Dataset section:
*** Begin section ***

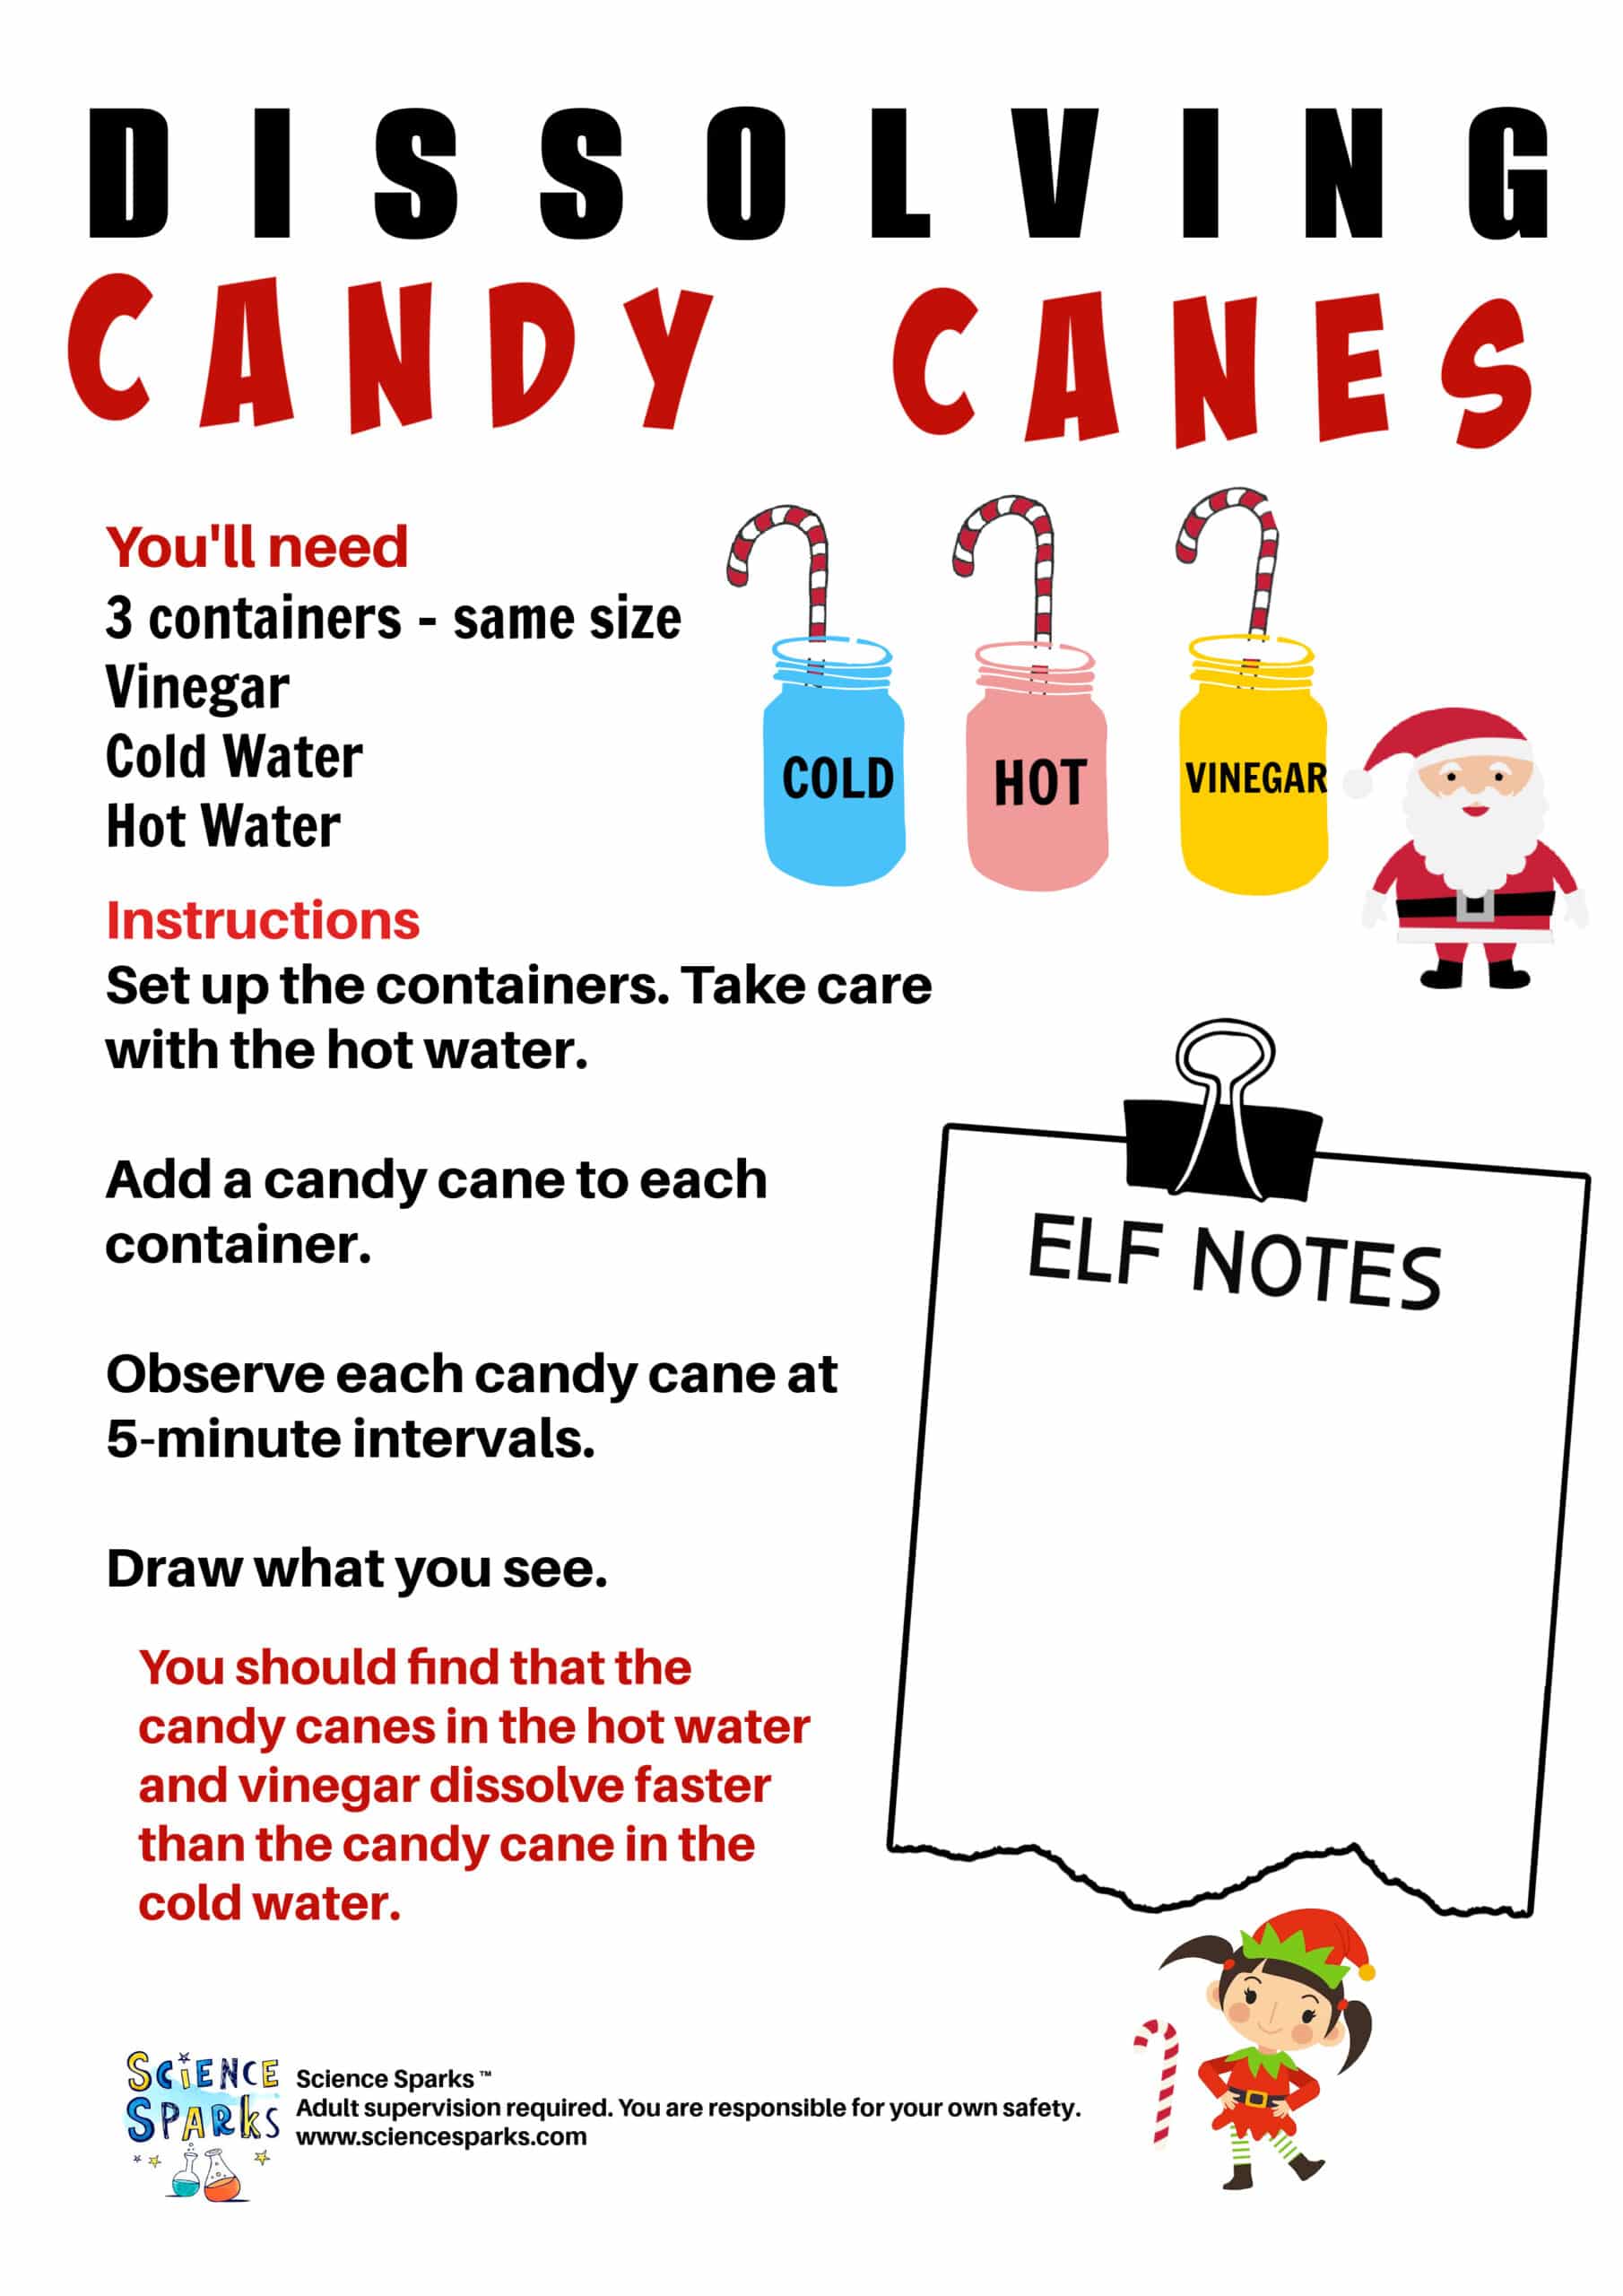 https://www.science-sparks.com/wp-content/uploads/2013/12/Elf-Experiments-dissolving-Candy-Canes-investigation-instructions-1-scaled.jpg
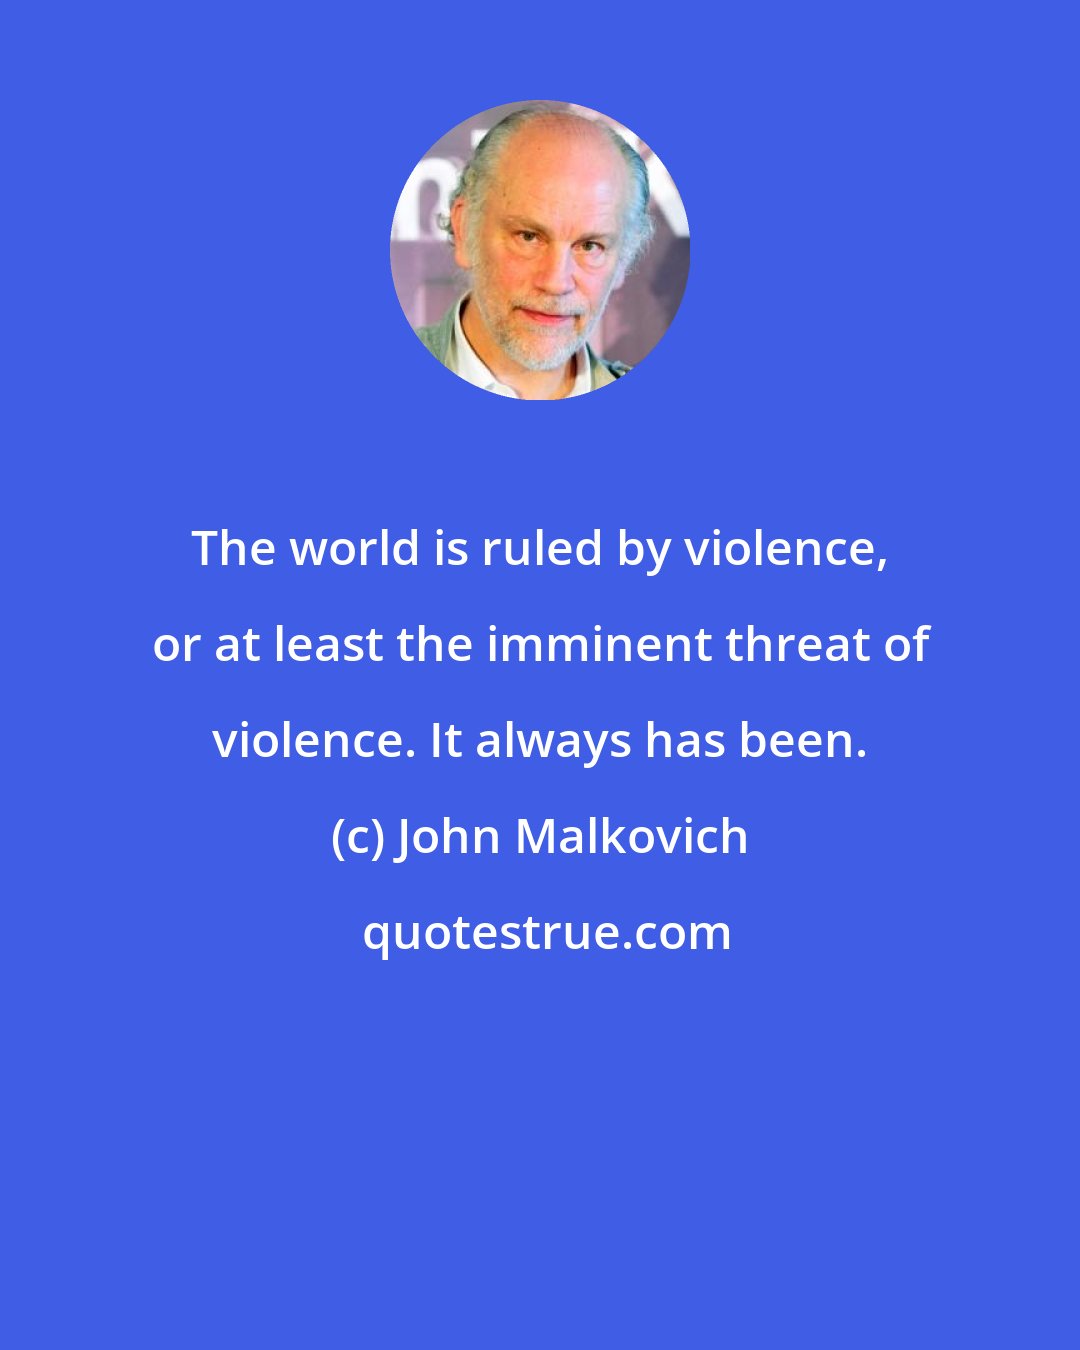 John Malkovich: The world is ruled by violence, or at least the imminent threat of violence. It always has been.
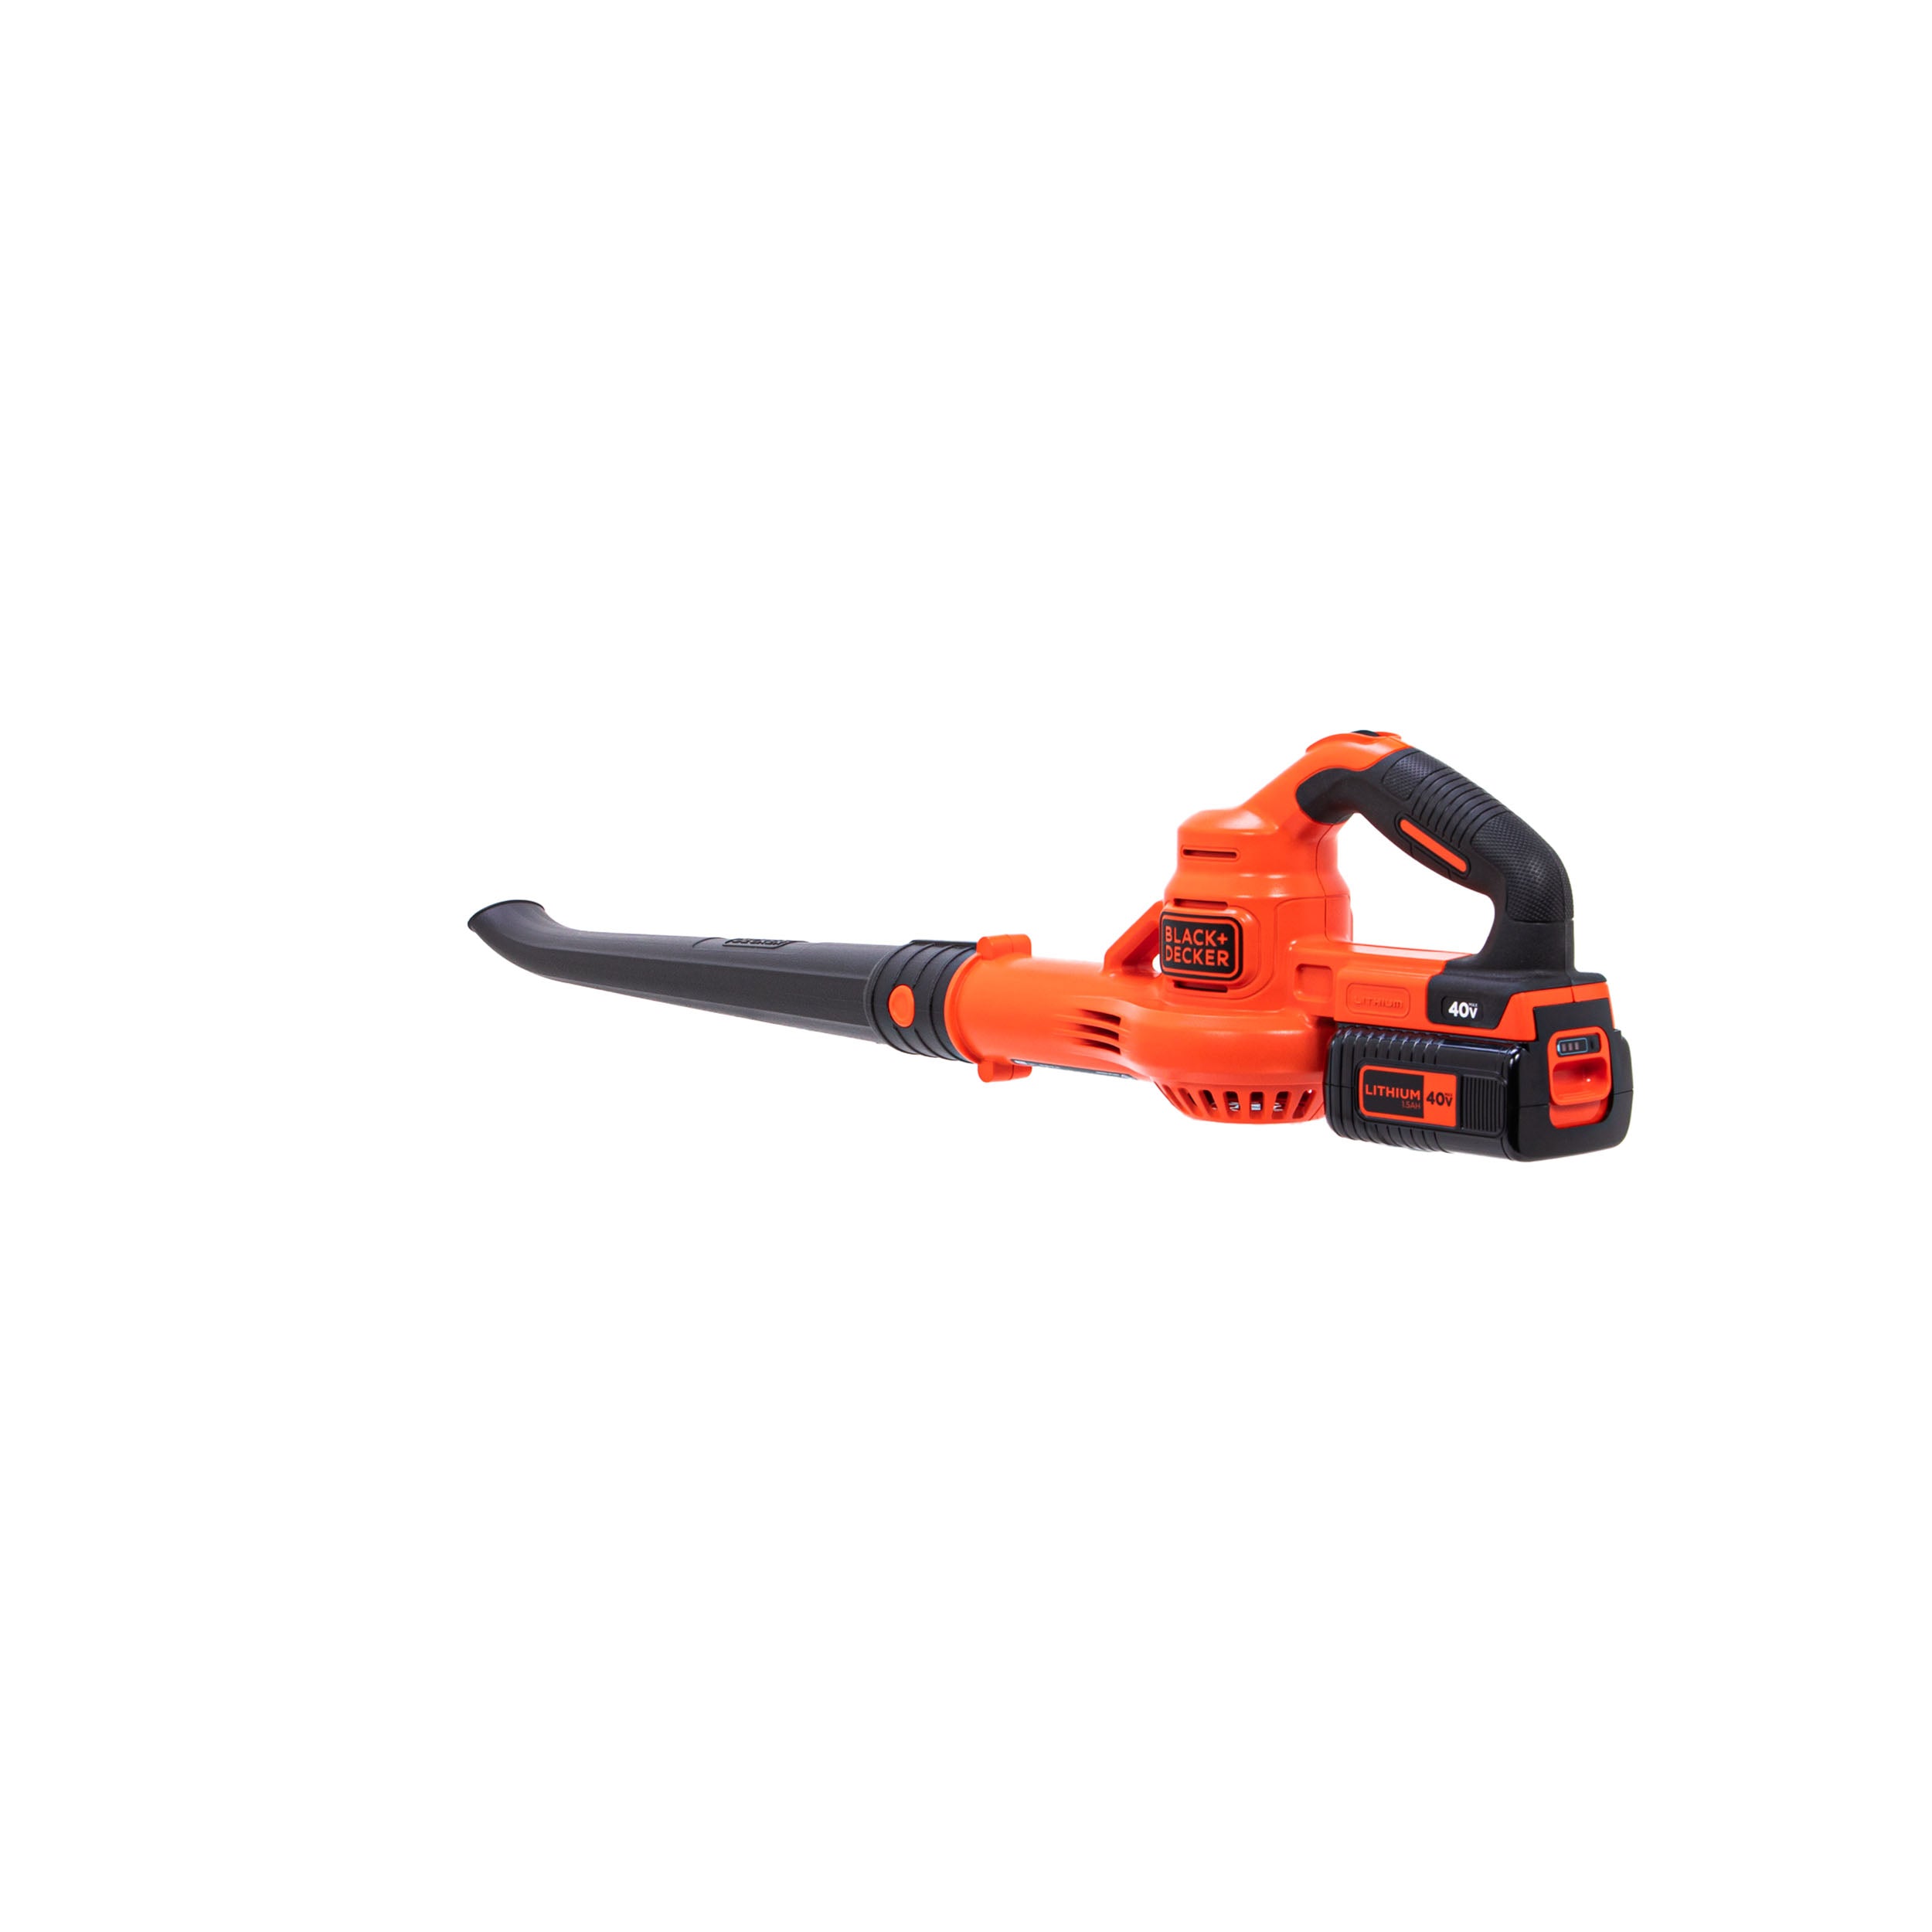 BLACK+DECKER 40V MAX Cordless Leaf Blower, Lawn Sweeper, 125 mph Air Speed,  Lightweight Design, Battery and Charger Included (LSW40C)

*** End section ***

Exercise goal: From the line that contains "John Malkovich: The" to the end of the listing, give every line again exactly as written. Leave the pictures out.

Output of the exercise:
 John Malkovich: The world is ruled by violence, or at least the imminent threat of violence. It always has been.
 BLACK+DECKER 40V MAX Cordless Leaf Blower, Lawn Sweeper, 125 mph Air Speed,  Lightweight Design, Battery and Charger Included (LSW40C)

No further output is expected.